Hidralazin-isosorbid Dinitrat Dapat dipakai sebagai tambahan, pada keadaan dimana pasien tidak toleran terhadap penyekat enzim konversi angiotensin atau penyekat angiotensin II (I, B). Dosis besar hiralazin (300 mg) dengan kombinasi isosorbid dinitrat 160 mg tanpa penyekat enzim konversi angiotensin dikatakan dapat menurunkan mortalitas. Pada kelompok pasien Afrika-Amerika pemakaian kombinasi isosorbid dinitrat 20 mg dan hiralazin 37,5 mg, tiga kali sehari dapat menurunkan morbiditas dan mortalitas dan memperbaiki kualitas hidup.

Obat Penyakit Kalsium Pada gagal jantung sistolik penyekat kalsium tidak direkomendasi, dan dikontraindikasikan pemakaian kombinasi dengan penyekat beta. Felodipin dan amlodipin tidak memberikan efek yang lebih baik untuk survival bila digabung dengan obat penyekat enzim konversi angiotensin dan diuretik. Data jangka panjang menunjukkan efek netral terhadap survival, dapat dipertimbangkan sebagai tambahan obat hipertensi bila kontrol tekanan darah sulit dengan pemakaian nitrat atau penyekat beta.

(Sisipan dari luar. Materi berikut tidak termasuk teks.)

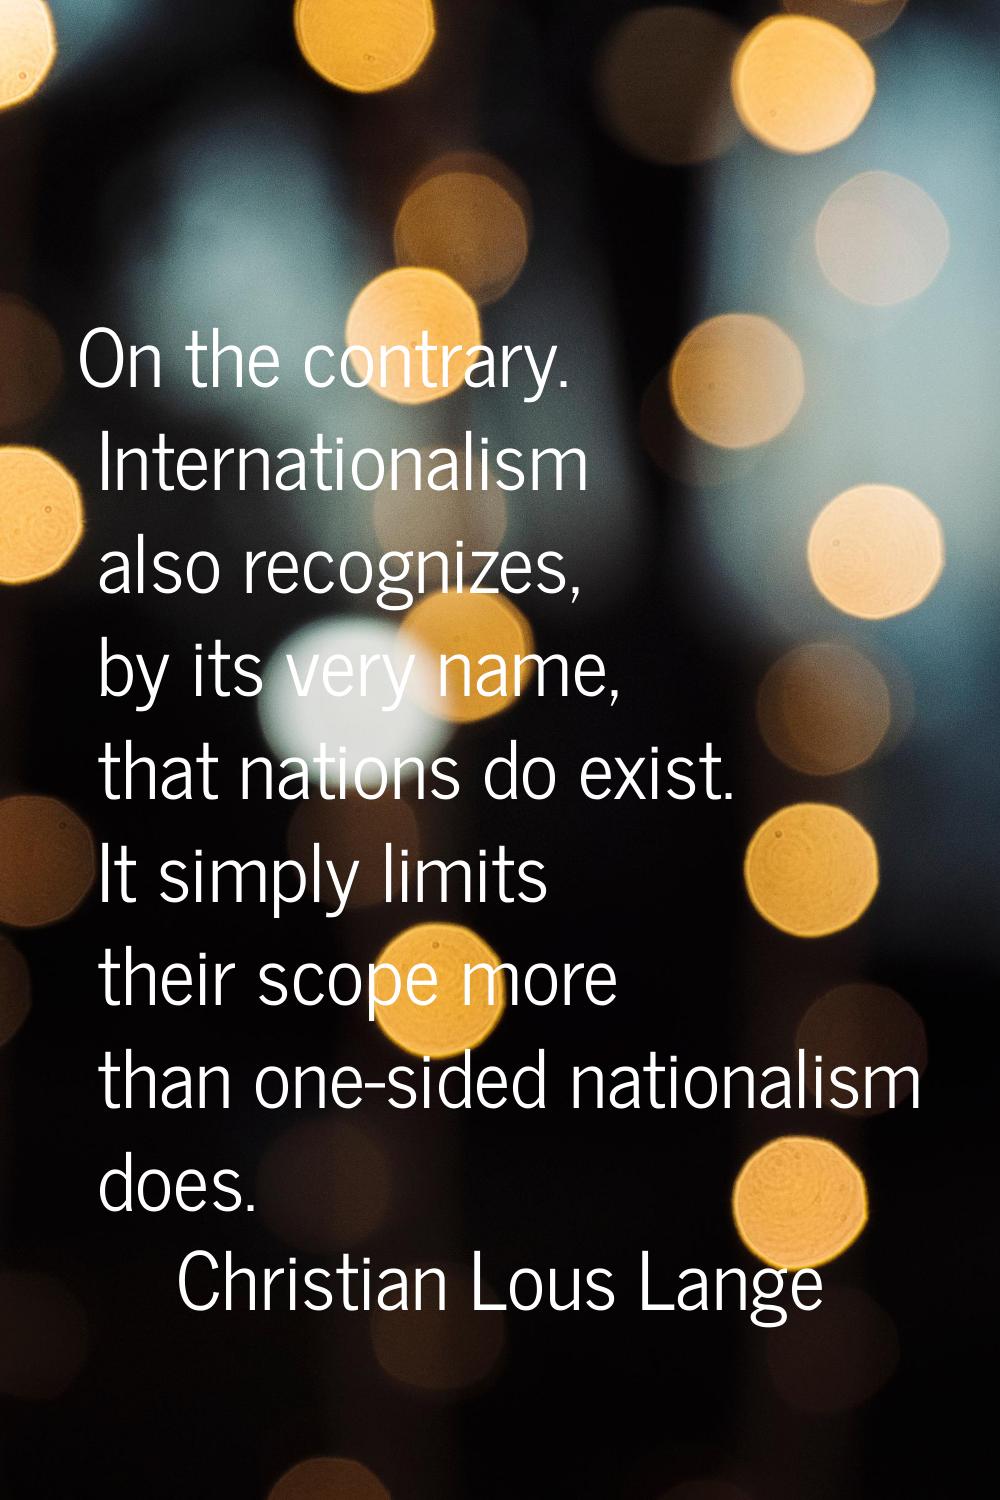 On the contrary. Internationalism also recognizes, by its very name, that nations do exist. It simp

Nesiritid Merupakan klas obat vasodilator baru, merupakan rekombinan otak manusia yang dikenal sebagai natriuretik peptida tipe . Obat ini identik dengan hormon endogen dari ventrikel, yang mempunyai efek dilatasi arteri, vena dan koroner, dan menurunkan pre dan afterload, meningkatkan curah jantung tanpa efek inotropik. Sejauh ini belum banyak data klinis yang menyokong pemakaian obat ini.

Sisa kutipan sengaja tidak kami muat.